In this work, we present CarveMe, a new reconstruction tool that shifts this paradigm by implementing a top-down reconstruction approach (Fig. 1). We begin by reconstructing a universal metabolic model, which is manually curated for the common problems mentioned above. Notably, this universal model is simulation-ready: it includes import/export reactions, a universal biomass equation, and contains no blocked or unbalanced reactions. Following, for every new reconstruction, the universal model is converted to an organism-specific model using a process called “carving” (see Methods section for details). In essence, this process removes reactions and metabolites not predicted to be present in the given organism, while preserving all the manual curation and relevant structural properties of the original model. The lack of manual intervention makes this process easily automatable and the reconstruction of multiple species can be easily parallelized (see legend Fig. 1). CarveMe can build models from genome sequences alone, but allows users to optionally provide collected experimental data (in a simple tabular format) as additional input during reconstruction. Furthermore, it automates the creation of microbial community models by merging selected sets of single-species models into community-scale networks.
Results
Universal model of bacterial metabolism
We built an universal model of bacterial metabolism by downloading reaction data from BiGG [36], a database that integrates data from 79 genome-scale metabolic reconstructions (accessed: version 1.3). Although BiGG includes a few eukaryotic reconstructions (such as yeast, mouse, and human), prokaryotes, especially bacteria, are better represented, including species from 14 different genera. The universal model contains all BiGG reactions with the exception of those exclusive to eukaryotic organisms. The model underwent several curation steps (see Methods for details), including estimation of thermodynamics, verification of elemental balance, elimination of energy-generating cycles, and integration of a core biomass composition. The final model includes 3 compartments (cytosol, periplasm, and extracellular), 2383 metabolites (representing 1503 unique compounds) and 4383 reactions (2463 enzymatic reactions, 1387 transporters, and 473 metabolite exchanges). From this universal model, we derived two specialized templates for gram-positive and gram-negative bacteria with modified biomass equations to account for the respective differences in cell wall/membrane composition. During reconstruction the user can select between the generic or specialized (or even user-provided) universal models. In addition to the model, we generate a sequence database with a total of 30814 unique protein sequences derived from the gene-protein-reaction associations of the original models. These are used to align the input genomes and identify the respective reactions in the universal model.

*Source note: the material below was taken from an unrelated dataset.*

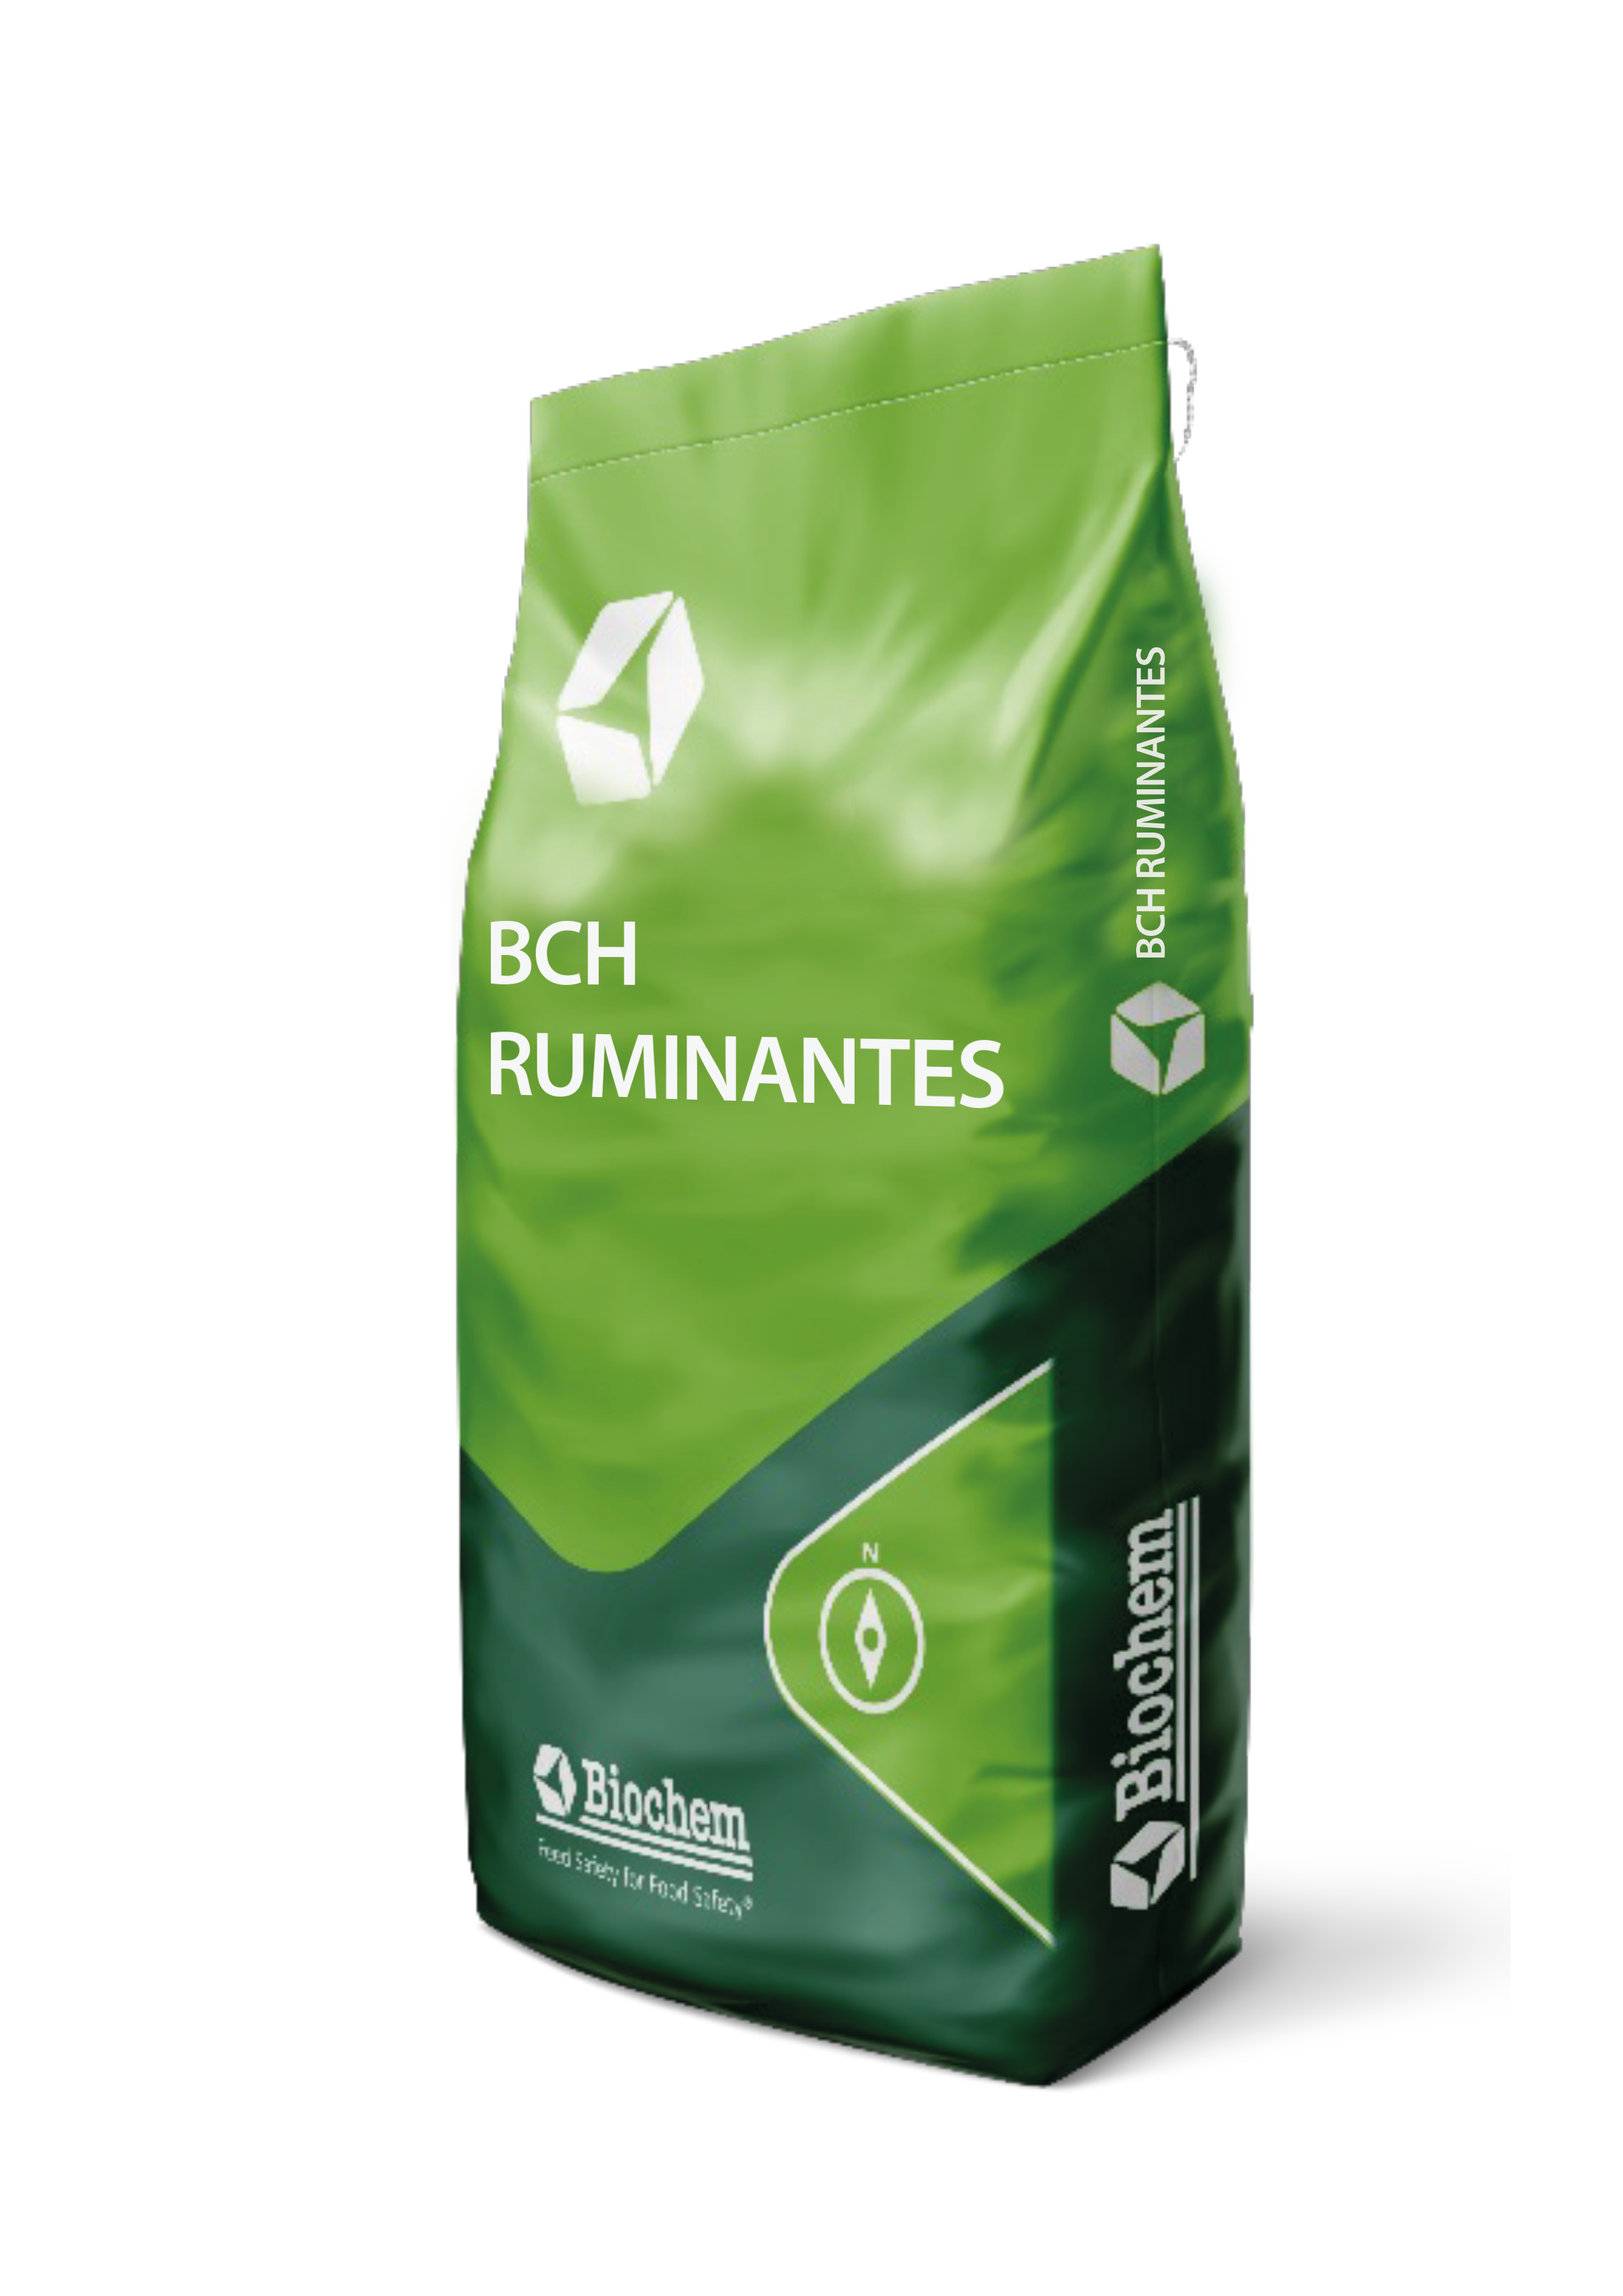 BCH Ruminantes

Comparison with manually curated metabolic models: Escherichia coli and Bacillus subtilis
The quality of the models generated with CarveMe was evaluated regarding their ability to reproduce experimental data and compared to previously published manually curated models. Two reference model organisms were selected as case-studies, namely the gram-negative bacterium Escherichia coli (strain K-12 MG1655) and the gram-positive bacterium Bacillus subtilis (strain 168). E. coli is among the best-studied organisms and the one with the most highly curated metabolic models. B. subtilis was chosen as a representative of gram-positive bacteria due to the availability of experimental data to test model predictions. The genomes of these two species used to build the models were downloaded from NCBI RefSeq (release 84) [26]. For comparison, the manually curated models for E. coli (iJO1366) and B. subtilis (iYO8444) were obtained from the respective publications [27, 28] Furthermore, to analyze how CarveMe performs in comparison to the currently available automated reconstruction tools, the same genomes were used to generate genome-scale models with the modelSEED pipeline (https://kbase.us/ accessed: August 2017) [20]. Notably, the models generated with CarveMe were able to reproduce growth on M9 minimal medium from genome data alone, without specifying any growth requirements during reconstruction or performing any additional gap-filling after reconstruction. The models generated with modelSEED required specific gap-filling for M9 minimal medium.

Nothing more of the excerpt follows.